【Next Permutation】cpp

題目：

Implement next permutation, which rearranges numbers into the lexicographically next greater permutation of numbers.

If such arrangement is not possible, it must rearrange it as the lowest possible order (ie, sorted in ascending order).

The replacement must be in-place, do not allocate extra memory.

Here are some examples. Inputs are in the left-hand column and its corresponding outputs are in the right-hand column.
1,2,3 → 1,3,2
3,2,1 → 1,2,3
1,1,5 → 1,5,1

代碼：

class Solution {
public:
    void nextPermutation(vector<int> &num) {
        const int len = num.size();
        if (len<2) return;
        std::vector<int>::iterator pivot=num.end();
        // find the pivot pointer
        for (std::vector<int>::iterator i = num.end()-1; i != num.begin(); --i)
        {
            if ( *i>*(i-1) )
            {
                pivot = i-1;
                break;
            }
        }
        // if the largest, directly reverse
        if ( pivot==num.end() ) 
        {
            std::reverse(num.begin(), num.end());
            return;
        }
        // else exchange the value of pivot and it's next larger element
        std::vector<int>::iterator next_larger_pivot = pivot;
        for (std::vector<int>::iterator i = num.end()-1; i != num.begin(); --i)
        {
            if ( *pivot<*i )
            {
                next_larger_pivot = i;
                break;
            }
        }
        std::swap(*pivot, *next_larger_pivot);
        // reverse the pivot's right elements
        std::reverse(pivot+1, num.end());
    }
}

Tips:

上網搜搜Next Permutation的算法，分四步：

1. 從右往左 找左比右小的左 記爲pivot

2. 從右往左 找第一個比pivot大的 記爲next_larger_pivot

3. 交換pivot與next_larger_pivot所指向的元素

4. 讓pivot右邊的元素（不包括pivot）逆序

按照上面的算法，多測測case，找找邊界條件。

注意找到pivot和next_larger_pivot以後要break退出循環。

===================================

第二次過這道題，思路已經記得比較模糊了。
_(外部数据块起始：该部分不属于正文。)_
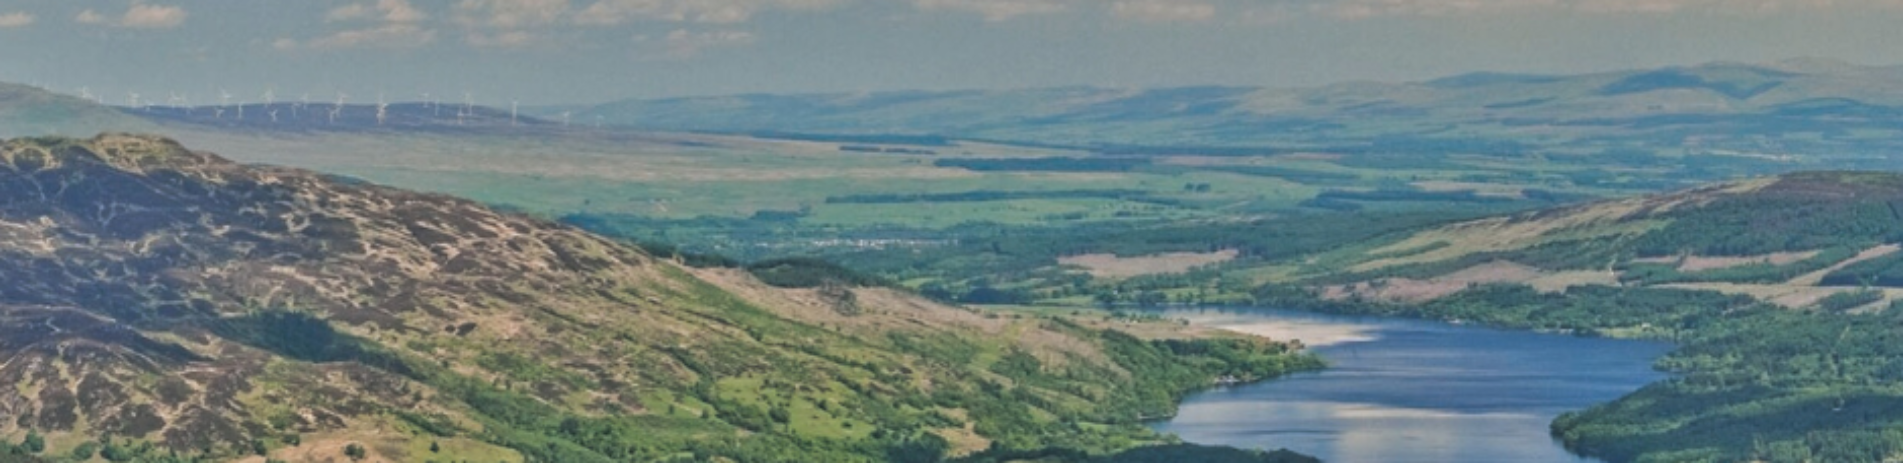 very green-landscape-of-trossachs-mountains-and-loch-venachar-on-the-right

能作到的就是撿一遍思路，coding的過程很快。

            // from right to left find first violate increase trend
            int pos1 = -1;
            for ( int i=nums.size()-1; i>0; --i )
            {
                if ( nums[i]>nums[i-1] )
                {
                    pos1 = i-1;
                    break;
                }
            }
            // cout << "pos1:" << pos1 << endl;
            if ( pos1==-1 ) 
            {
                std::reverse(nums.begin(), nums.end());
                return;
            }
            // from right to left find the first larger than pos1
            int pos2 = nums.size()-1;
            for ( int i=nums.size()-1; i>=0; --i )
            {
                if ( nums[i]>nums[pos1] )
                {
                    pos2 = i;
                    break;
                }
            }
            // cout << "pos2:" << pos2 << endl;
            // swap pos1 pos2
            std::swap(nums[pos1], nums[pos2]);
            // reverse from pos1's right to end
            std::reverse(nums.begin()+pos1+1, nums.end());

這個算法就是個套路，多掃幾遍記住就OK了。